ZTO Express (NYSE: ZTO and HKEX: 2057)
In a rapidly growing space, the firm emerged as one of two market leaders from a pool of around 15 competing players. “These companies then battled hard, and they are true champions, they've gone through the fire,” Smolinski says.
“You look at ZTO today, they've got the largest market share, they deliver 30 billion parcels per year, which is more than FedEx, DHL and UPS combined.”
He points to automotive company BYD as a similar case of a winner emerging from a period of ruthless competition within China’s auto manufacturing sector.
TransUnion (NYSE: TRU)
On Platinum’s US exposure, Smolinski says TransUnion is an opportunity created by heightened economic fears, which saw US mortgage applications fall around 75% and knocked TRU’s revenue.
While the market reacted to this, Smolinski focused on its key competitive advantage of owning unique datasets that help in making high value decisions. . These are critical as the firm expands into new vertical markets including insurance and government, these businesses growing at 8% to 10% a year.
He also points to TransUnion’s strong and growing position in India, where it owns the nation’s biggest credit bureau and controls 70% of national credit data.
“I think this business does well if rates stabilise, but if we're looking a few years out and rates are actually cut, it'll be another tailwind,” he says.
“This is your classic high-quality database business, your classic growth compounder, where the market's giving you a really interesting entry point.”
Which Australian company do you hold and why?
AGL Energy (ASX: AGL)
A company pummelled by “the perfect storm,” energy provider AGL saw its share price decline more than 60% on the back of several challenges between 2021 and early 2023. This included unplanned, highly publicised outages at some of its power generation plants, and the effects of the lower power prices we saw during COVID.

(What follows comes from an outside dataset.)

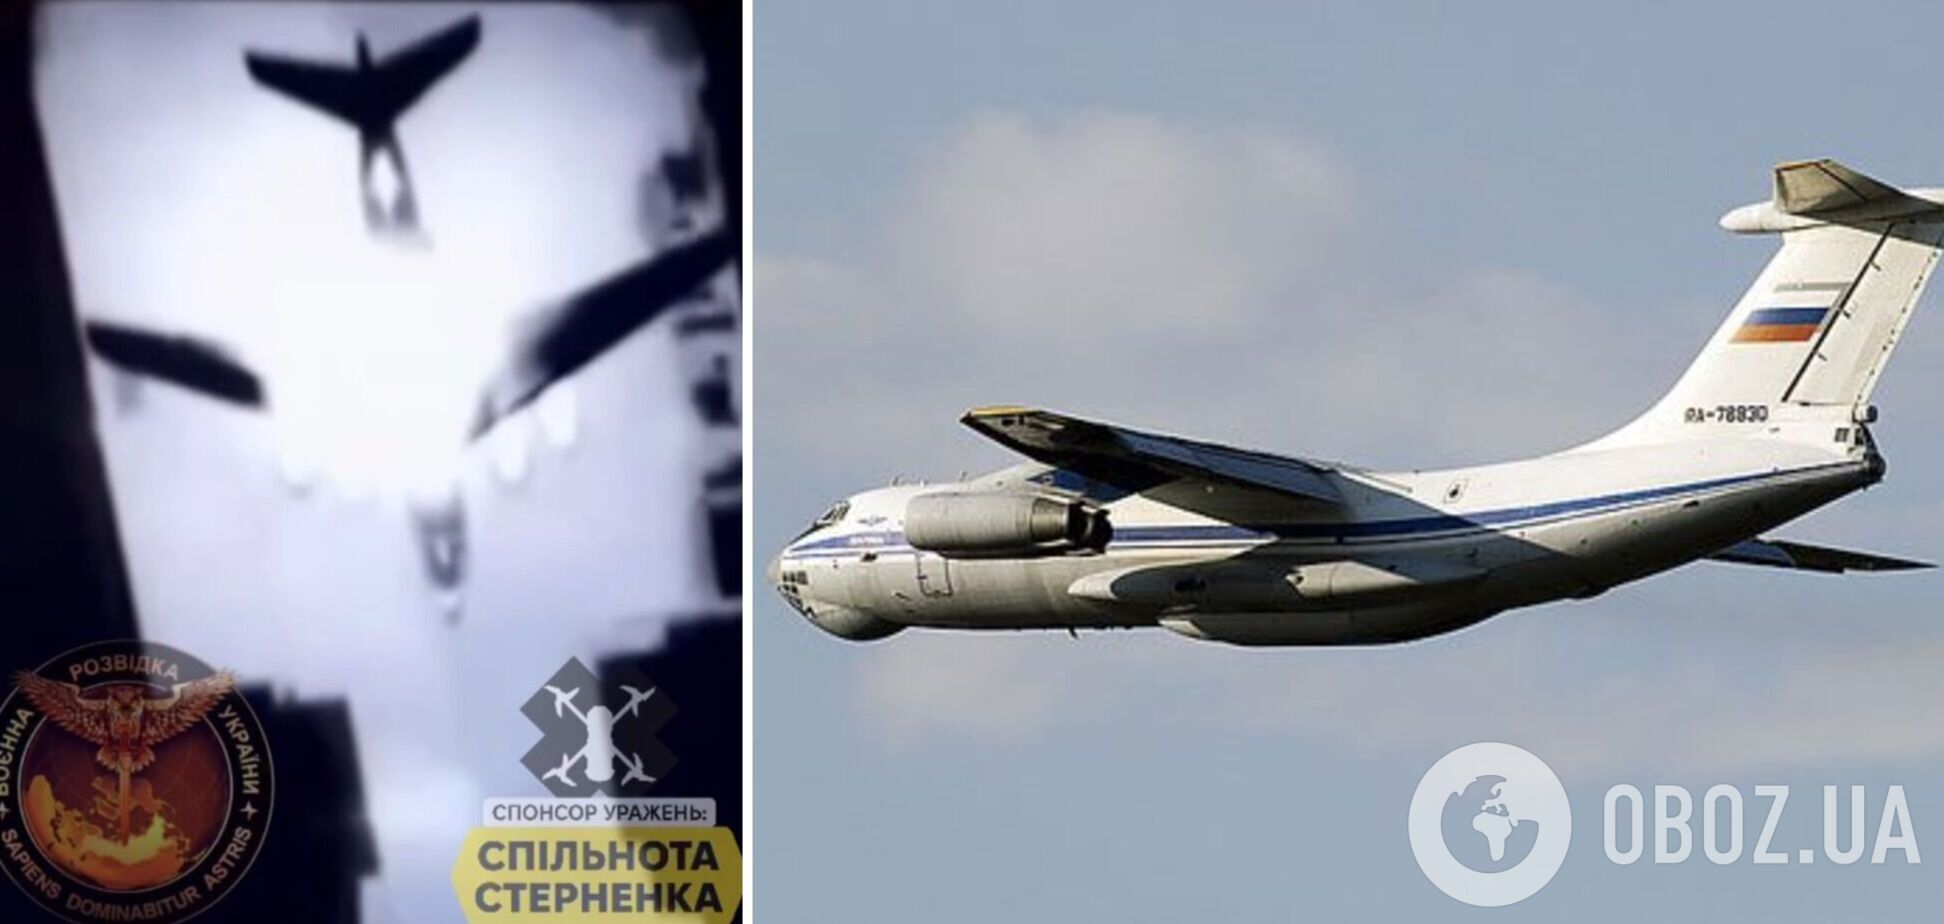 Война возвращается туда, откуда пришла: момент попадания по самолету Ил-76 в Пскове. Уникальное видео

“A company that went through the perfect storm, you had all of the high-profile activists and take over push and noise by both Brookfield Grok [Ventures],” says Smolinski.
His team concluded that each of the issues looked “very resolvable,” taking a view they would be in the rearview mirror within three years.
The energy transition toward renewables is a large part of the thesis behind AGL, Smolinski noting the large role gas-fired power providers will play in solving intermittency challenges in renewable power sources.
“This might be ‘gas peakers’ [that can respond to rapidly rising power demand], this might be battery storage to really add high-value solutions to those problems. We've put all that together, AGL is a pretty interesting opportunity.”